Time crawled by. Her cell was on vibrate but remained as still as a rock. She was cold, tired, had smoked at least five cigarettes, and was losing her belief that Joe Logan would come to her aid. The mind could play tricks when almost all stimuli were removed.
Of course Joe would come, and soon now
.
The noise was faint, but she knew that it was footsteps above her. A floorboard creaked and she gripped the broom handle tightly and stood up. Someone was in the house, and if it had been Joe, he would have phoned.
Dr.
Perry Gifford took the chart from the holder hooked over the end rail of the bed and studied it. He had been about to end Arnie Newman’s life hours previously, but a nurse had entered the room and asked him to attend another of his patients in the main unit, who had survived a major abdominal surgical procedure but was now hemorrhaging copiously from his anus and had suffered a seizure.

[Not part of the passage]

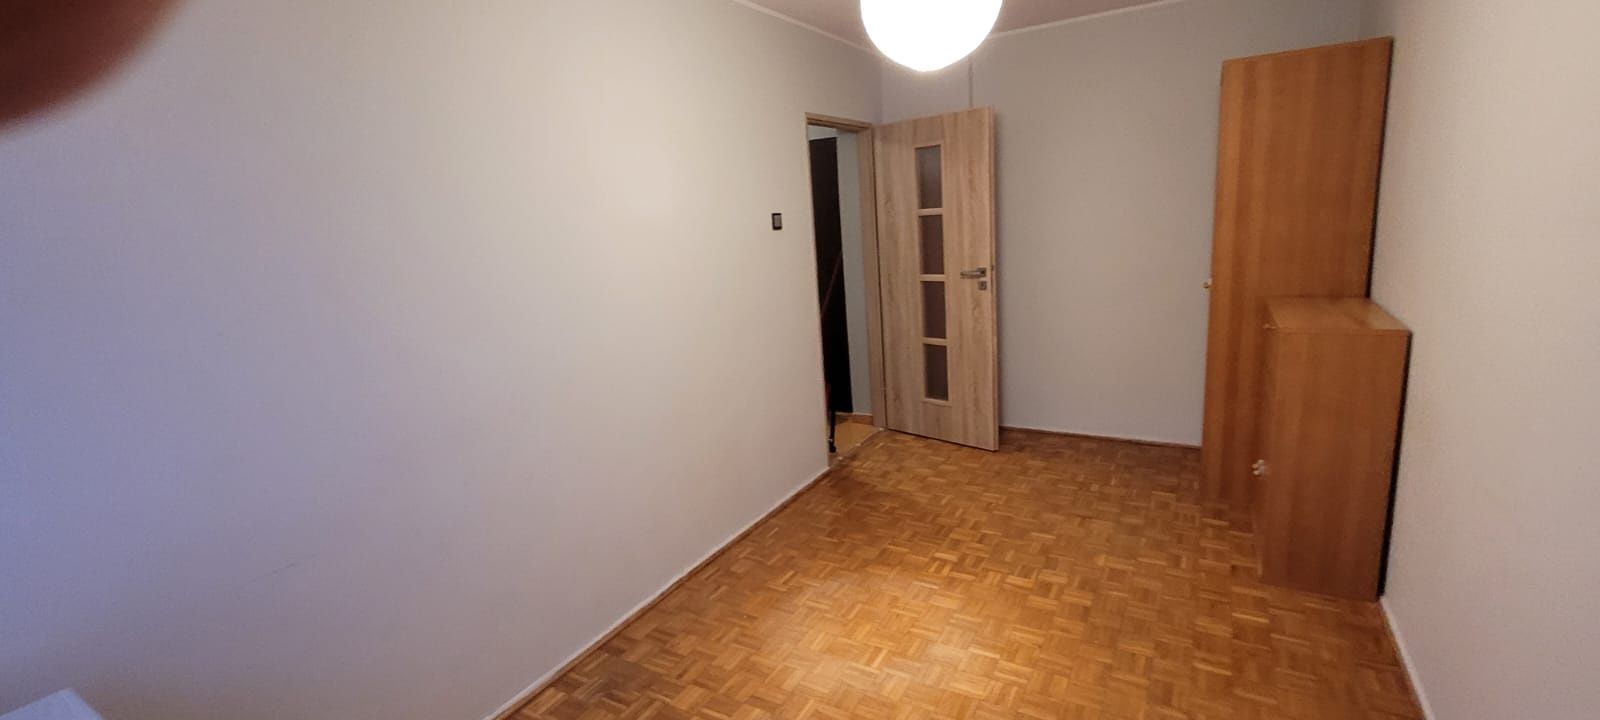 Wynajmę mieszkanie 2 pokojowe Wrocław ul. Kamienna

The patient subsequently expired on the operating table and, after a break to grab a shower and a coffee, Perry was once more at the side of Arnie’s bed, all set to inject him with nothing more subtle than a large syringe full of air, to occlude the coronary arteries and cause a massive cardiac infarction, that in his present critical state the patient would not survive.

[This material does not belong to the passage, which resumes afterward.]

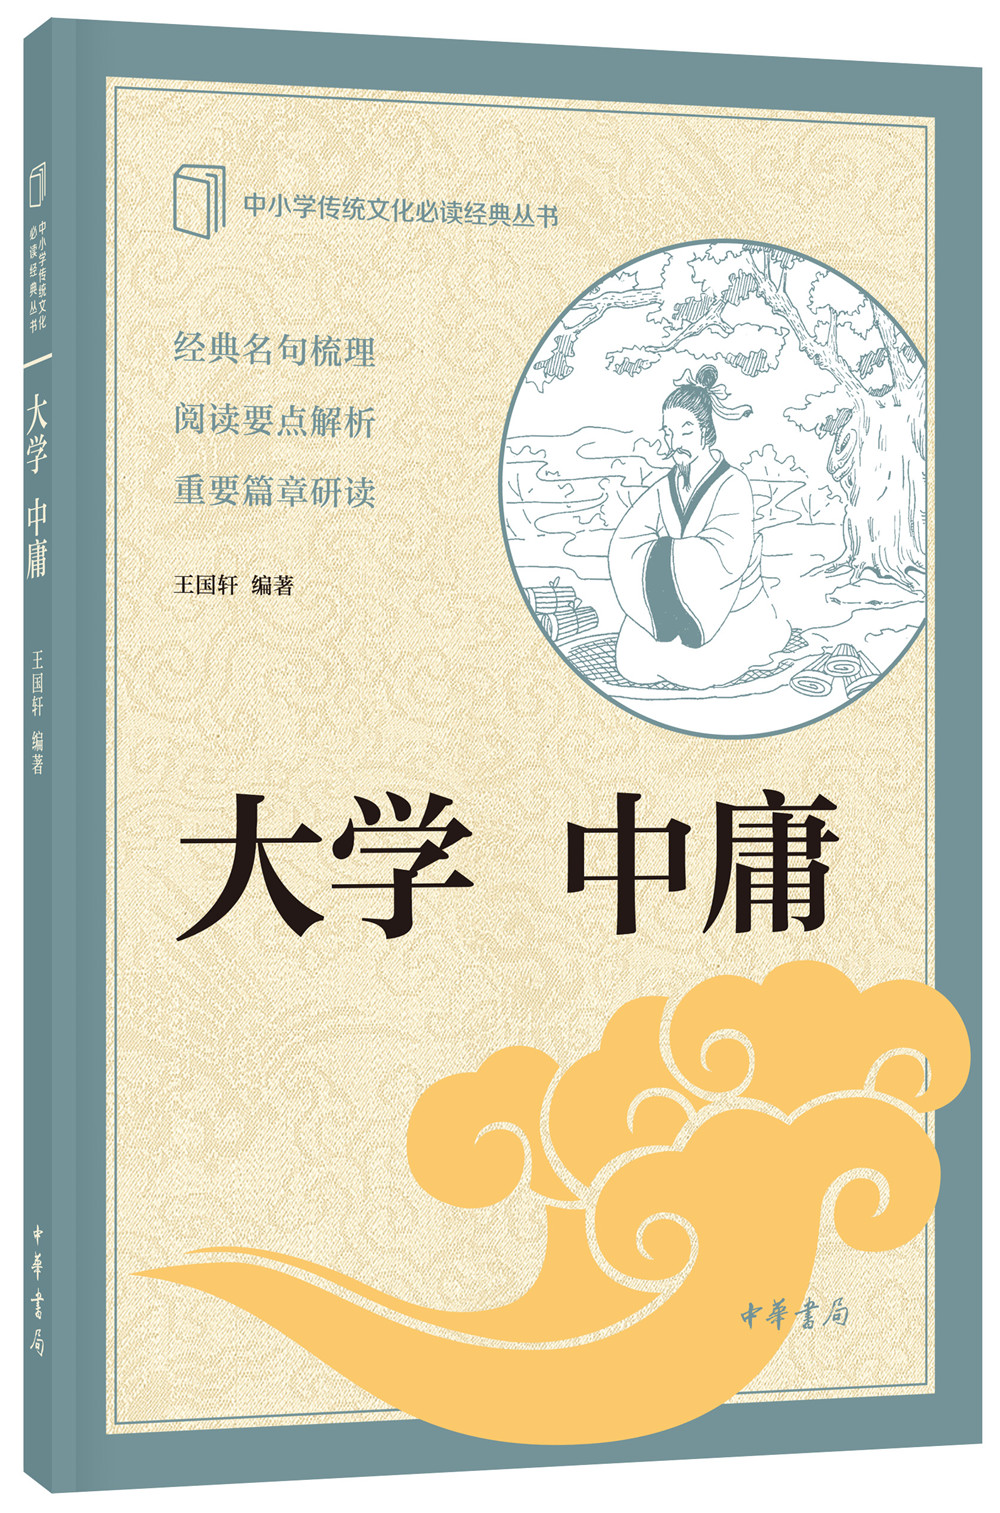 大学中庸 中华书局出版中小学传统文化必读经典

Perry did not want to do it, but had no choice.
The two men had knocked at his apartment door in Yorkville earlier in the day, just minutes after he had returned home following a round of golf at Randalls Island Golf Center.
On answering the door, Perry was pushed back into the entrance hall, and one of the men pressed the muzzle of a handgun against his forehead. The other man stepped around him, went through to the lounge and trained his pistol on Perry’s wife and daughter.
“Here’s the deal,” the man threatening Perry said. “We need for you to do something for us when you go to the hospital later.”
The deal had been simple. They, whoever
they
were, knew that he was the surgeon that had saved Newman’s life.
“We want the cop dead,” the man said to Perry. “Your wife and kid are going to be taken and held till it’s done. If Newman is still breathing in the morning, you’ll get them back in pieces, delivered by FedEx. You’ll be followed and monitored. The ball’s in your court, pal. How you play it is up to you. Give me your cell phone number, and keep it switched on.”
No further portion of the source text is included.